Experiencing Interruptions?

Lines in the Sand

Joanne Brunwin's debut documentary, Lines in the Sand, tells the story of two families amongst the thousands whose lives have been torn apart by the war in Syria.

Stuck in a makeshift campsite beside a petrol station on a busy highway in southern Greece, they are struggling to come to terms with what has befallen them.

We meet Yassin, Rashed, Nalin and Mosab. Each of them invites us into their their makeshift home and shares with us their memories, their grief, their hopes and frustrations. We learn that they had lives much like ours. Nalin and her family "lived an ordinary life, like any normal family". Rashid ran a branch of the Red Crescent in the outskirts of Damascus. Its warehouse and Rashid's family home were destroyed in bombing raids on the same day.

The destruction they have experienced is etched on their faces. The camera captures their desperation and despair. As he recalls the first explosions he witnessed, Rashid's son is talking almost to himself. We see flickers of images of the bombing and its aftermath.

The film’s style is experimental; it focuses on creating a closeness between viewer and subjects, lingering on silent faces, giving the viewer space to reflect upon all that they have lost, and the limbo they now find themselves in.

Adopting an unconventional narrative structure, the film moves us through the camp, into each family's private space as they share with us their lives and their daily routines - picking herbs from the rough ground around their tents, drying their washing on the hedges, making sambusas.

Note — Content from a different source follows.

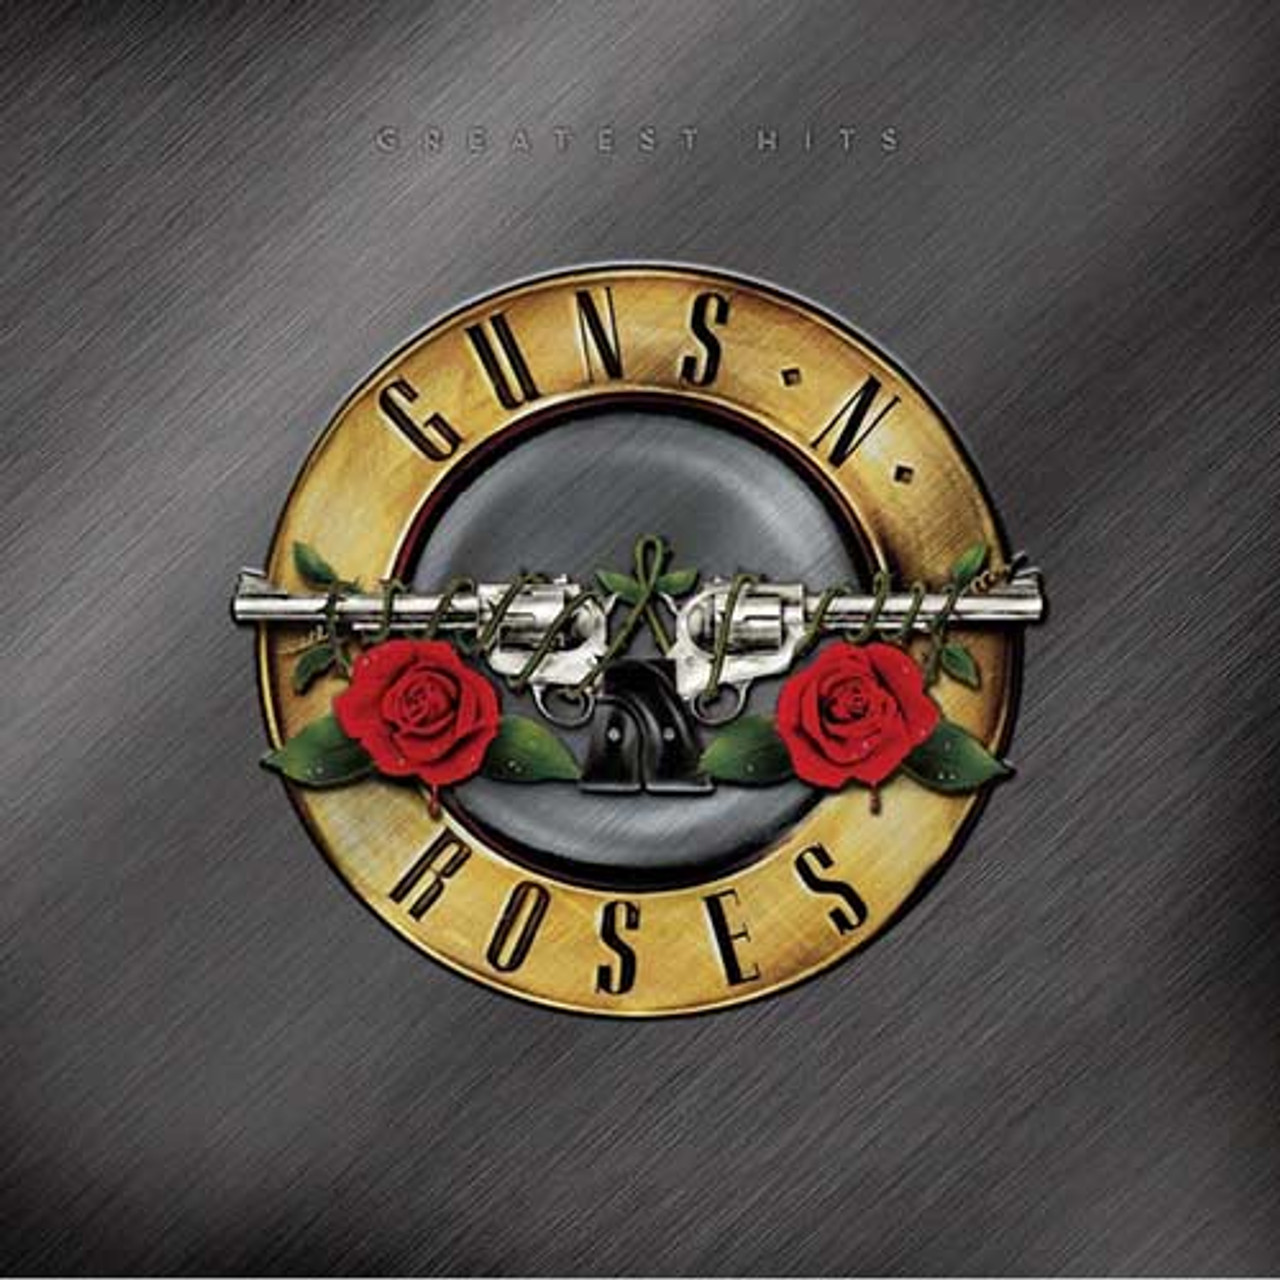 Greatest Hits (Guns N' Roses album) - Wikipedia

Shot entirely in 4K, we are invited to encounter this world of displacement in all it's curious detail. There are no clear boundaries between each speaker, or the individuals we encounter. Much like a memory or a dream, we are given fragments of information, both visual and spoken, that together convey a sense of what it's like to lose all you have, both material and personal, and with no clear prospect of retrieving what's been lost. And yet their humanity is unbroken and remains intact, as they care for each other and dream of a time when they can feel at home again.

  • Joanne Brunwin
    Hyakutake, Coco
  • Project Type:
    Documentary, Experimental, Short
  • Genres:
    Documentary, Poetic documentary, Human rights, Refugees, War, displacement, humanitarian
  • Runtime:
    15 minutes
  • Completion Date:
    June 22, 2017
  • Production Budget:
    0 GBP
  • Country of Origin:
    United Kingdom
  • Country of Filming:
  • Language:
    Arabic, English, Kurdish
  • Shooting Format:
    Digital 4K
  • Film Color:
  • First-time Filmmaker:
  • Student Project:
Director Biography - Joanne Brunwin

Joanne Brunwin is an experimental storyteller and has produced, directed and edited several of her own short films. Her work is often characterised by her unique sensory approach to filmmaking: layering moving images and sounds and engaging closely with her subjects immerses her audience in to the texture of their lives. She began her career with her student short Coco: a glimpse in to the double life of a burlesque dancer in Brighton. The film was a poetic invitation in to Coco's world, otherwise unseen to the general public. Following this she wrote and directed the screen drama Hyakutake, a narrative that presents the intricate inner workings of the mind of an autistic savant; Daniel. The film was highly regarded by screenwriter Peter Straughan for its original script and sensory film techniques.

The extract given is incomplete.